Exercise objective
For the material below, return exactly the lines starting at the line containing "A close overhead" and ending at the line containing "New Fashion Shiny", both ends included, and no others.

Recorded data
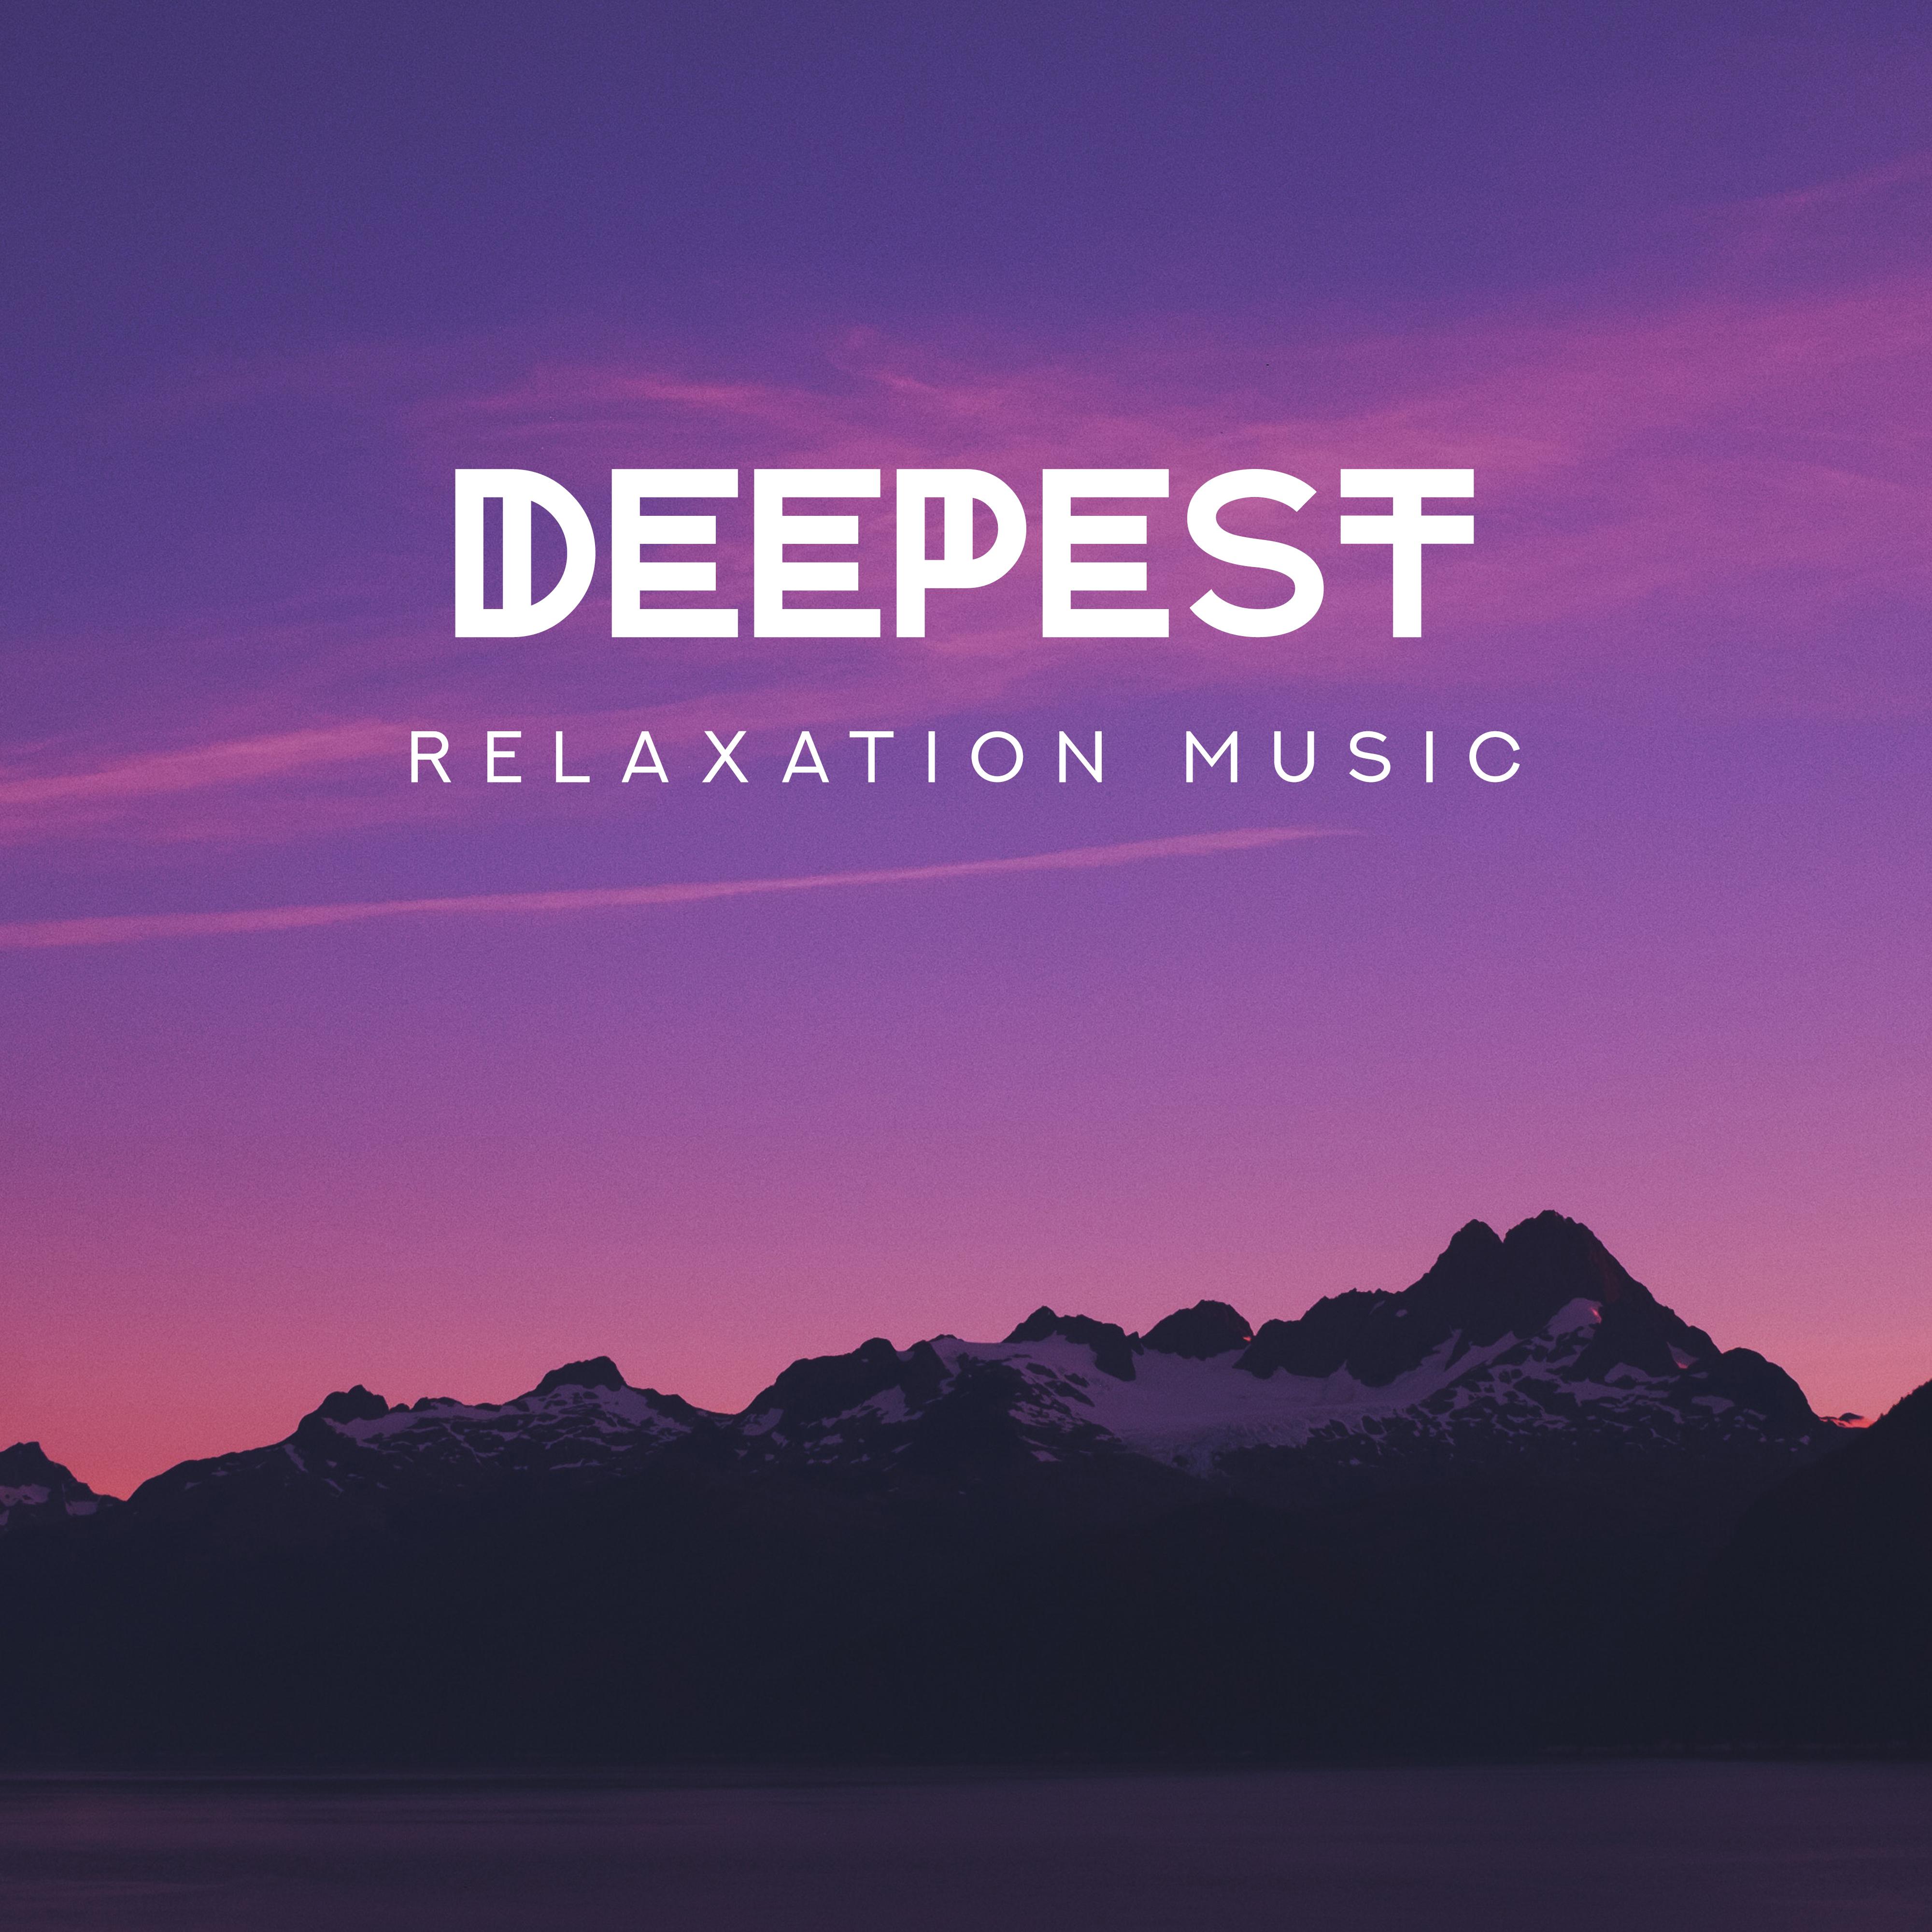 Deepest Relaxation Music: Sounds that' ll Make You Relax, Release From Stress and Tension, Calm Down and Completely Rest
* * *
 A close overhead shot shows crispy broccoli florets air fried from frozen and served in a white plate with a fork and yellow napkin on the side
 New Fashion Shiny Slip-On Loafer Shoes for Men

Task answer
 A close overhead shot shows crispy broccoli florets air fried from frozen and served in a white plate with a fork and yellow napkin on the side
 New Fashion Shiny Slip-On Loafer Shoes for Men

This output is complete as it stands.